Beyond that, the photographers have gone out of their way to repay indigenous Africans for the access they've been granted. They have, for example, established a Maasai primary school, helped Africans get educated in the West, purchased medicine and even helped dig wells. But it isn't always easy, says Fisher, to decide where helping ends and meddling begins. "It's a real conflict for us," she says. "Should we be exposing these groups to the outside world or should we leave them alone?"

The truth, say scholars, is that it won't make much difference in the end.
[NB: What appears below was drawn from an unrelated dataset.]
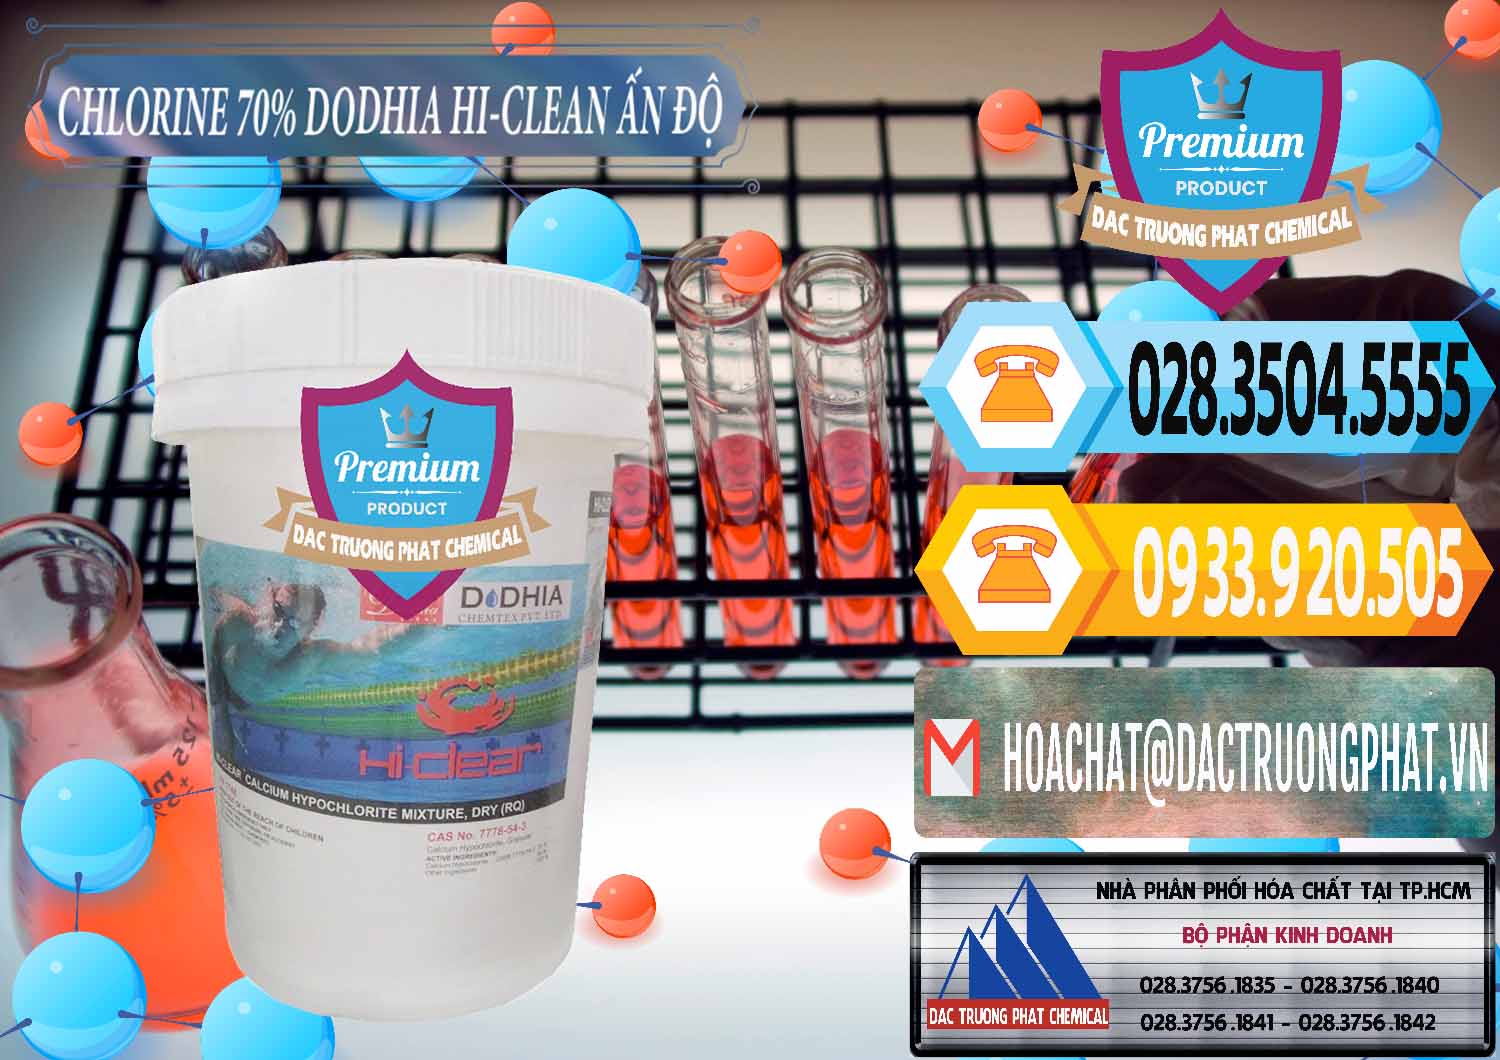 Đơn vị nhập khẩu & bán Chlorine – Clorin 70% Dodhia Hi-Clean Ấn Độ India - 0214 - Đơn vị chuyên kinh doanh & cung cấp hóa chất tại TP.HCM - hoachattayrua.net

The pressures on traditional African ceremonies are inexorable. Many ethnologists believe these changes are, in fact, part of the natural life cycle of such rituals. "African traditions are not vanishing," says Mullen Kreamer of the National Museum of Natural History. "They are changing. Even ceremonies that have been performed for hundreds of years have changed throughout the centuries as people adapt to new stimuli and new ideas." Still, there is a poignancy in Beckwith and Fisher's images, a sense that we are seeing some of the last things on earth that have not been subsumed by 20th century Western culture. Jason Clay, co-founder of Cultural Survival Quarterly, uses the phrase salvage ethnography to describe the race to capture these traditions. "It would be tragic," he says, "if work like that of Carol Beckwith and Angela Fisher turned out to be their final documentation."